Suit to recover for one hundred and eight hogs, sold and delivered.
Ansivers. 1. Denial. 2. Payment. 8. That the defendant delivered to the plaintiff twenty-five hundred dollars of the bills of the Citizens’ Bank of Gosport, which were of the value of twenty-five hundred dollars, which were current, and receivable at par, as money, in all commercial transactions, and were received by the plaintiff in full, etc. 4. Similar to the third, and in addition, that the plaintiff paid said bills to, etc., and received a valuable consideration therefor; that said persons, etc., afterward brought said bills to the defendant, who received the same, and gave in exchange current funds in full; and that said plaintiff has not suffered any injury, etc.
*302Reply. 1. Denial. 2. To third and fourth paragraphs, admits the delivery of the notes on the Citizens'' Bank, but avers that said bank was not organized, etc., but was in violation of the laws and constitution of Indiana; and the notes, etc., were issued in violation, etc., but were in the form and similitude of bank notes, and were intended to be used, etc., as bank notes; that they had no legal value, but were unconstitutional and void, and said payment was, therefore, not valid, etc.
A copy of one of said notes is appended to the reply.
Demurrer to.the reply overruled, which presents the only point made in the briefs of counsel.
It is urged that this case falls within that of Dakin v. Anderson, at the May term, 1862, and should be governed by the same rule of decision.
In its inception, that suit was similar to this, in this, that it was instituted for goods sold, regardless of the kind of paper received for, or upon, the same. But the pleadings, subsequent to - the complaint, showed a different state of facts, and facts upon which it was made to turn here, viz., that the action of the plaintiffs had been such as to preclude or estop them from maintaining said suit.
It was averred, that the defendants, in that case, acted in the premises upon the suggestion or procurement of the plaintiffs. Here, there is no such allegation; but the question arises, Whether the acts of the plaintiff, in paying out said paper, subsequent to the reception of such illegal paper, as averred in the answer, and not denied by the reply, and the acts of the defendant, in receiving or redeeming the same, can be considered as operative to discharge any liability said defendant might have incurred to the plaintiff' by the transaction ?
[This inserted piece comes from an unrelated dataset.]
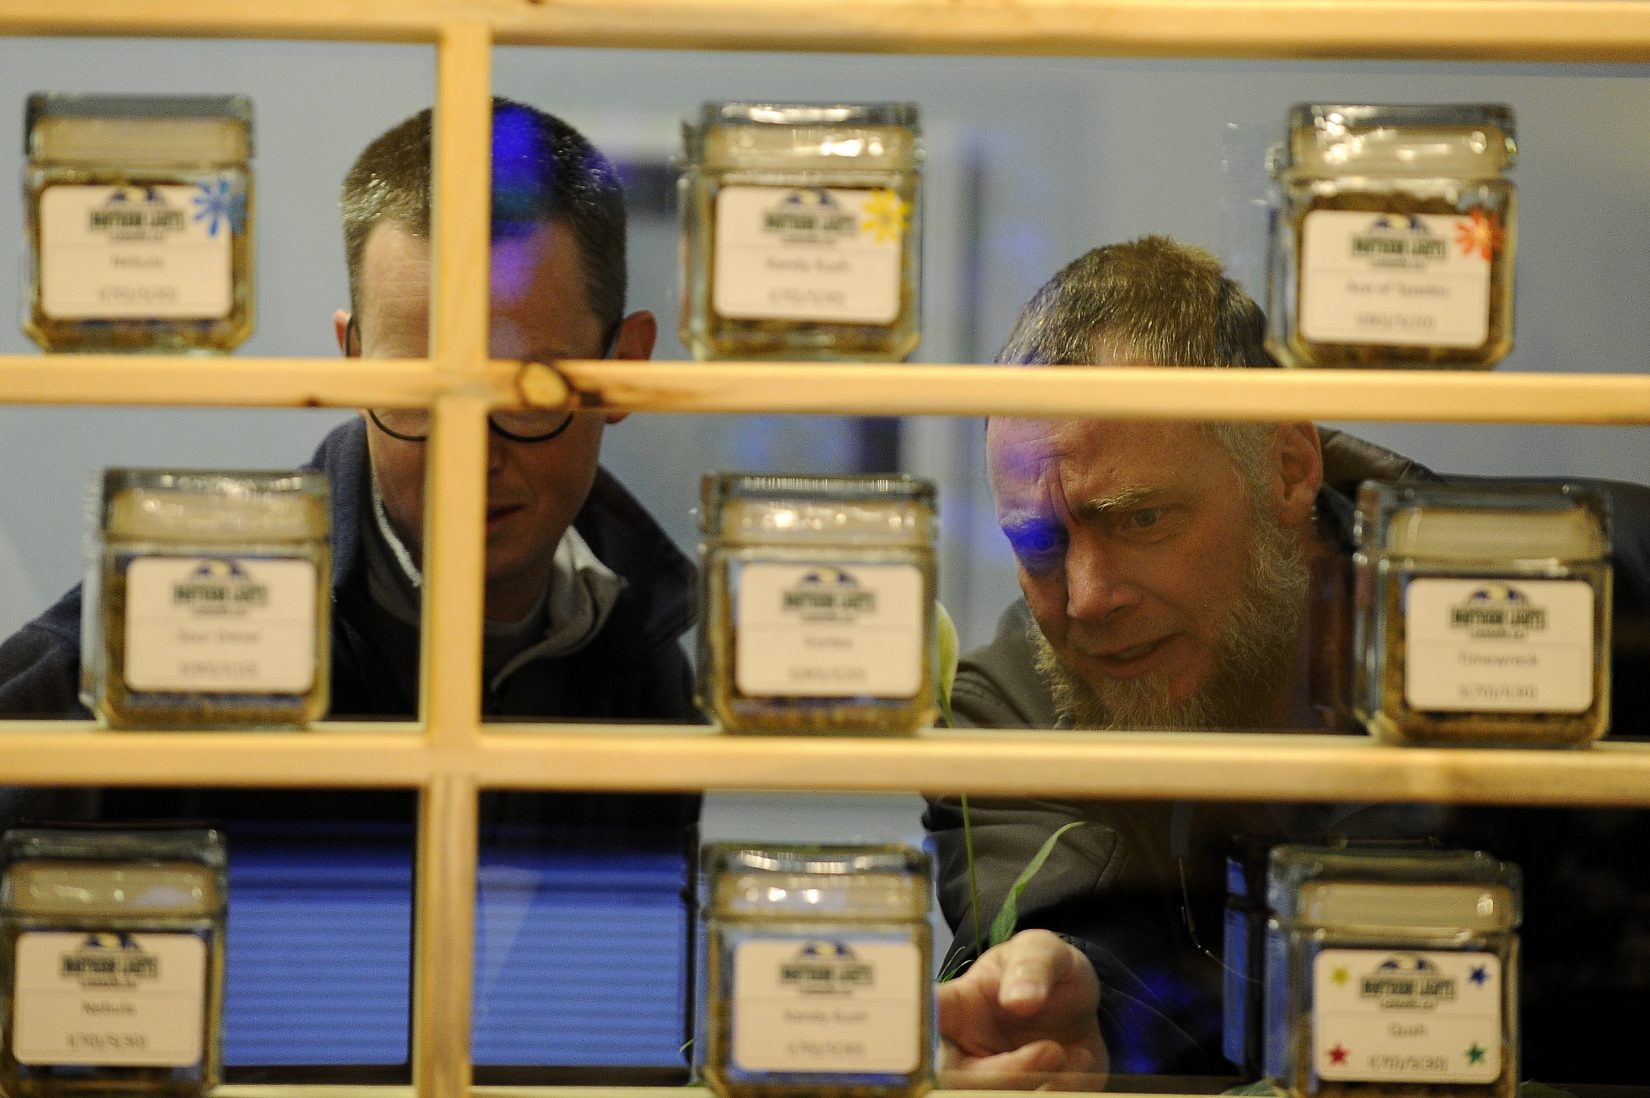 Greg Nidy, left, Dan Briley, right, at Northern Lights Cannabis Co in Edgewater, Colorado on January 1, 2014. (Photo by Seth McConnell/The Denver Post)

The reply, having thus failed to take direct issue upon the facts averred in the answer, we think, failed also to set up any other facts which were sufficiently responsive to that *303answer. It may be true, as set forth in said reply, that the paper received by the plaintiff, on account of said sale, was illegal, and its reception did not amount to a discharge of the claim; but the further facts pleaded in the answer, and not responded to, it appears to us, were a sufficient answer to the demand. When it was shown that the paper passed out of the hands of the plaintiff, at its full face, the only reason that could exist, why he was in a position to suffer damage by its original reception, would be upon the principle that he might be liable to those to whom he passed it. It is not necessary for us to decide, whether the plaintiff could maintain his action, because of the possibility of being, at some future period, made to suffer in consequence of this liability, for, in our opinion, either of two reasons may be given, on the state of facts pleaded, clearly demonstrating, that such liability can not arise in the future, in this case. First. The defendant put the paper in circulation by passing it to plaintiff, who passed it to others, and they back to the defendant, for current funds. It may be said, then, that this payment of current funds was so much money expended by the defendant for the use of the plaintiff, in taking up the paper upon which the said liability might arise. Second. The paper having returned into the hands of the person (the defendant) who first put it in circulation, Courts would not favor a multitude of suits, by which it would be returned, or the liability traced, through the plaintiff, to ultimately rest upon the defendant, even if his redemption or reception of the same did not operate as an extinguishment of such possible liability, a question we need not decide.
There was error, therefore, in overruling the demurrer to the reply, which was, as the evidence shows, to the injury of the defendant.
Per Curiam.The judgment is reversed, with costs, and the cause remanded for further proceedings.
J. E. McDonald and A. L. Boache, for the appellant. Thomas A. Hendricks and Samuel H. Buskirk, for the appellee.